WORK INSTRUCTIONS
Retype each line of the material below word for word; pictures stay out.

MATERIAL PROVIDED: Begin

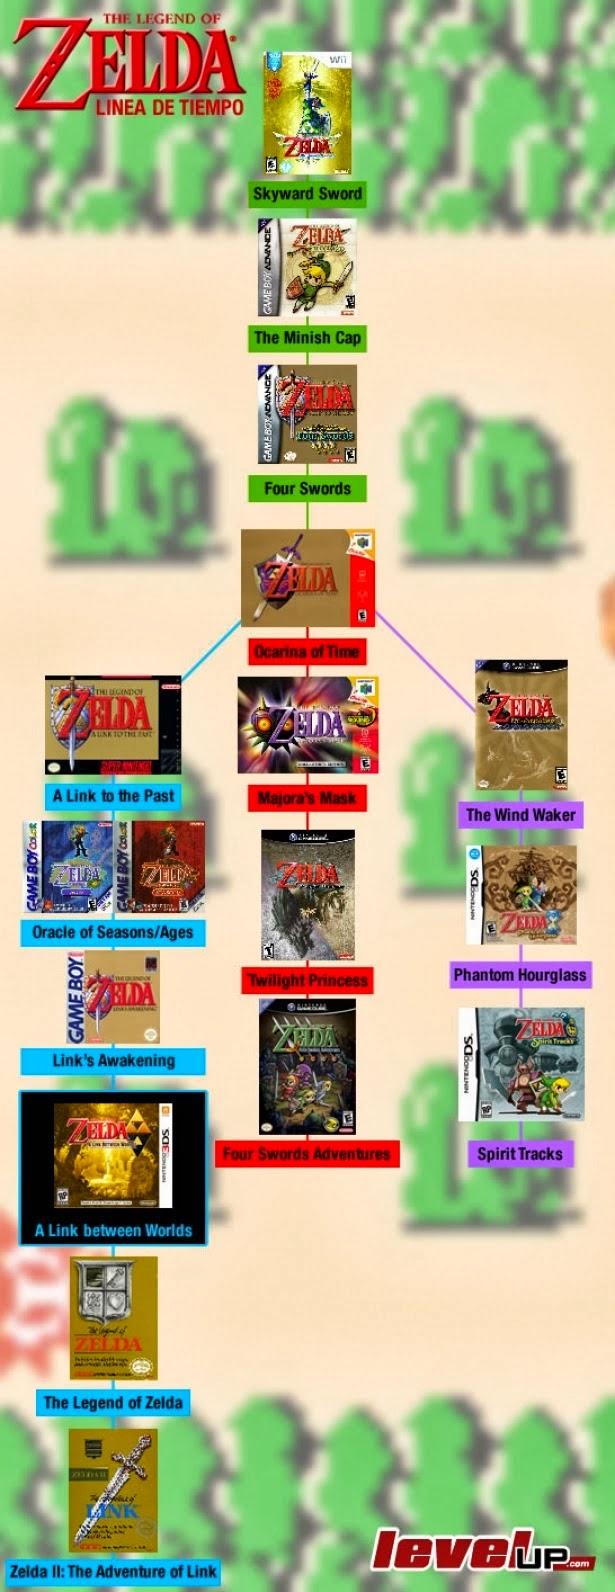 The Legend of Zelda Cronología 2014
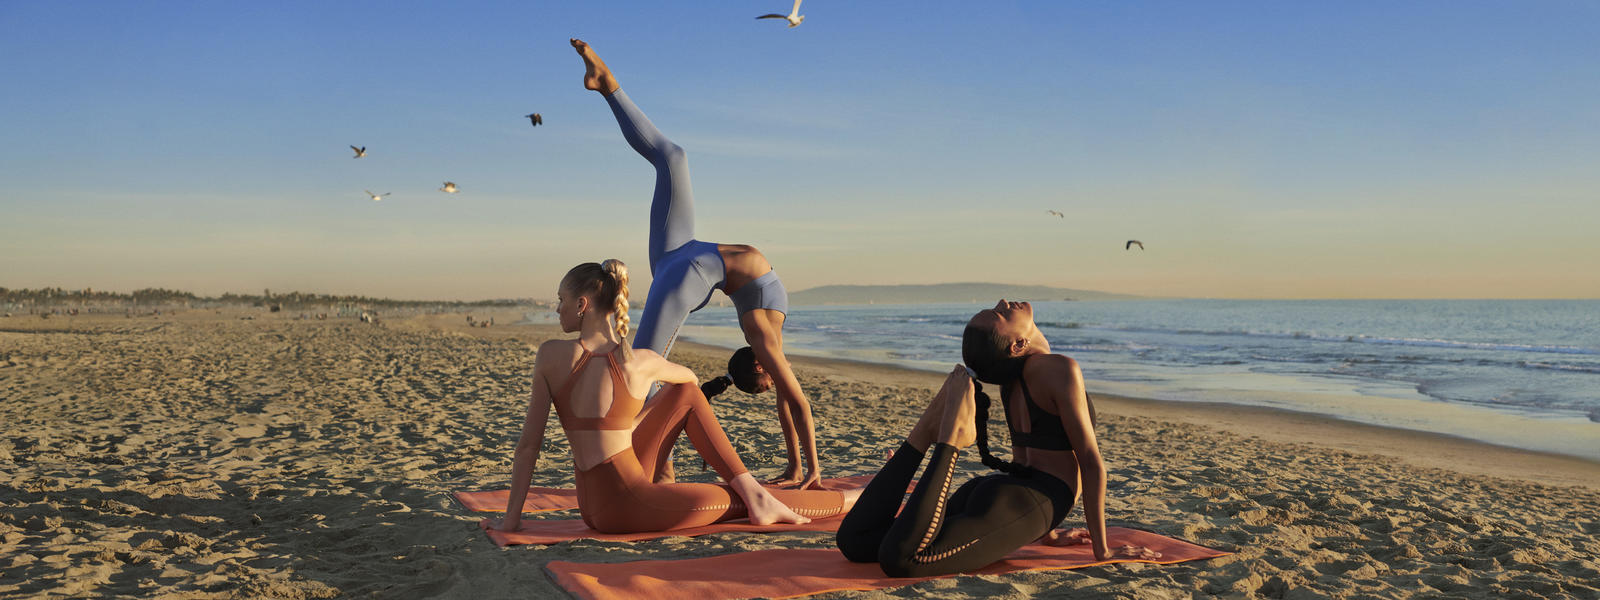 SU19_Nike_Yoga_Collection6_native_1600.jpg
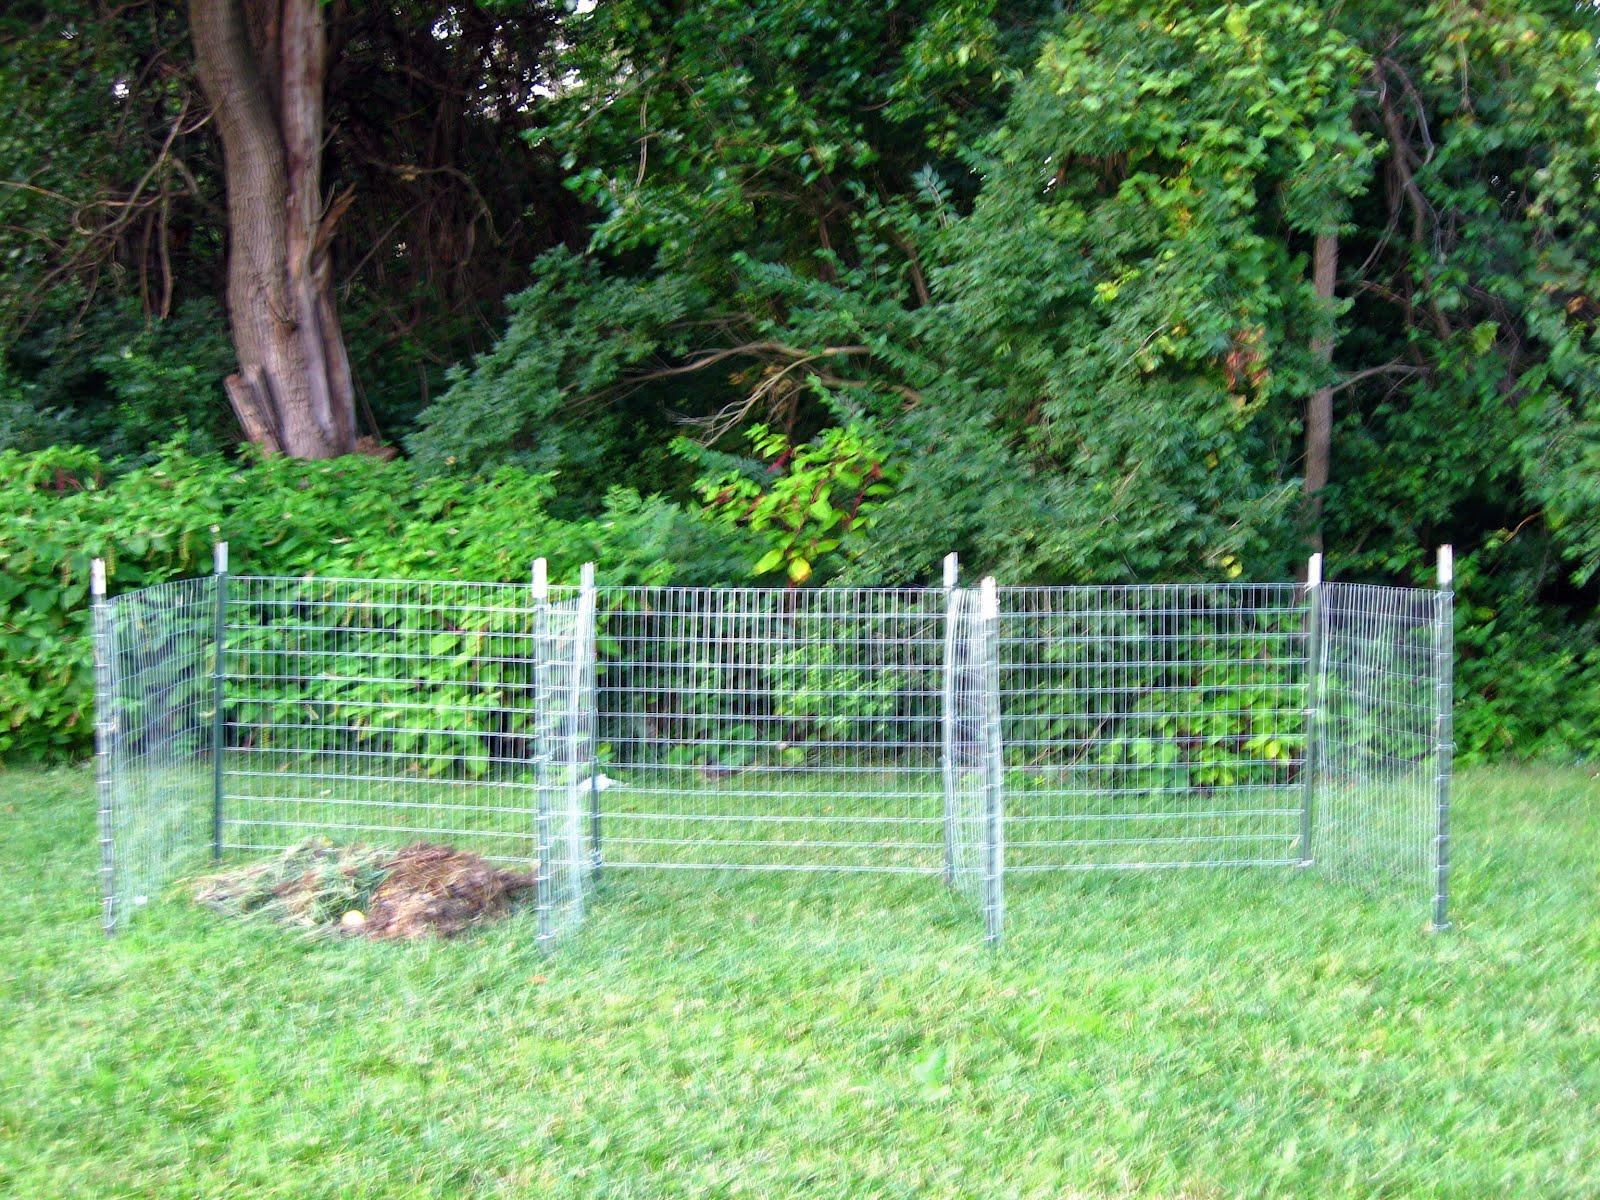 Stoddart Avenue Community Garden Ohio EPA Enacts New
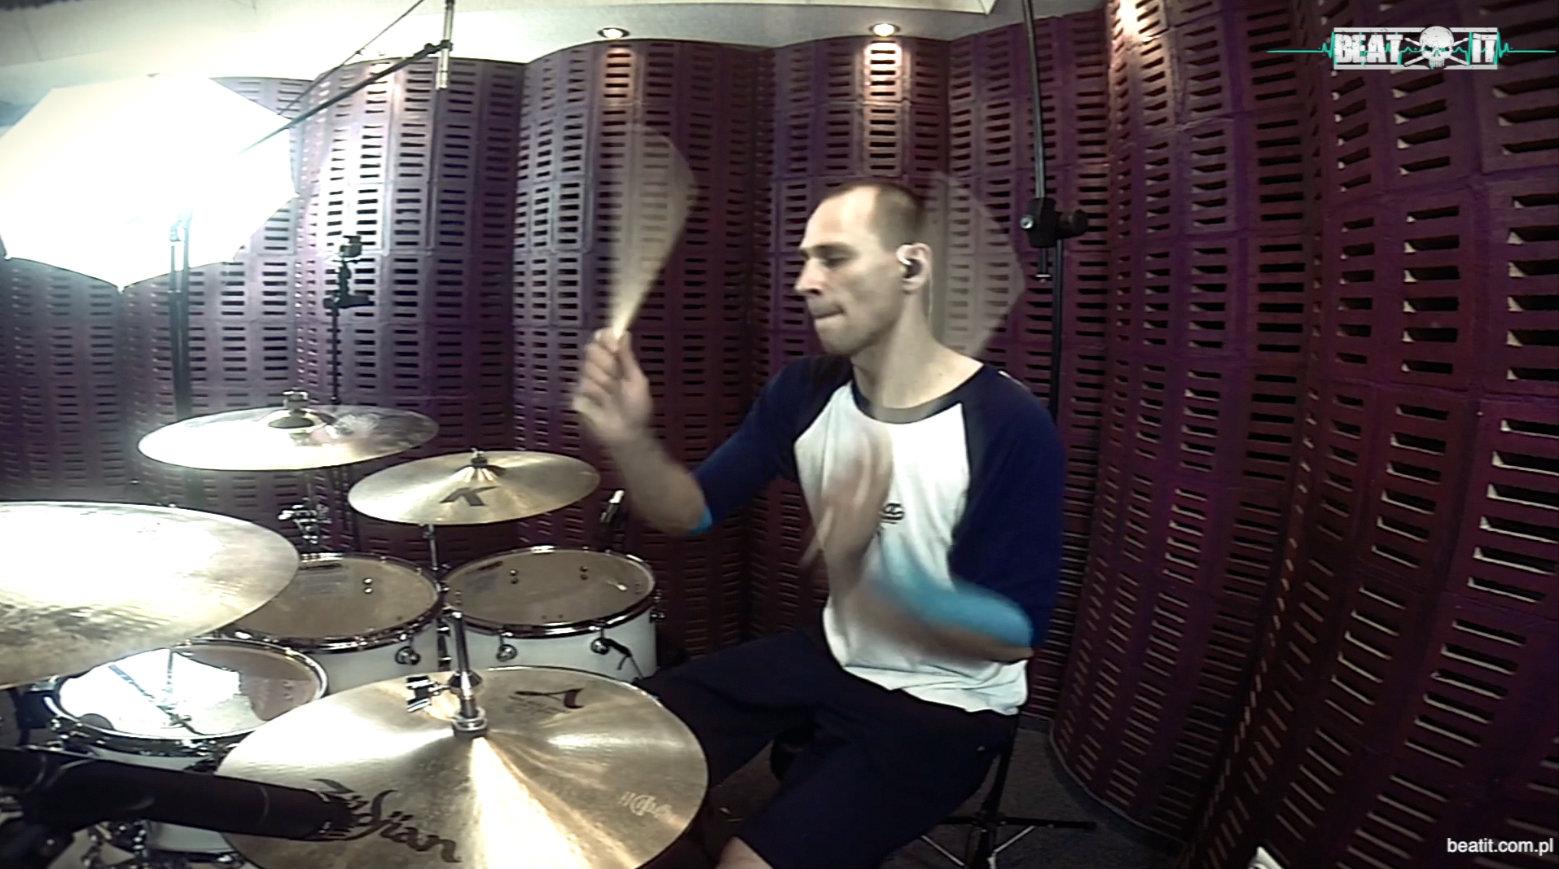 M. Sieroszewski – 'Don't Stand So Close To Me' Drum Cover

MATERIAL PROVIDED: End

RESULT OF THE EXERCISE
 The Legend of Zelda Cronología 2014
 SU19_Nike_Yoga_Collection6_native_1600.jpg
 Stoddart Avenue Community Garden Ohio EPA Enacts New
 M. Sieroszewski – 'Don't Stand So Close To Me' Drum Cover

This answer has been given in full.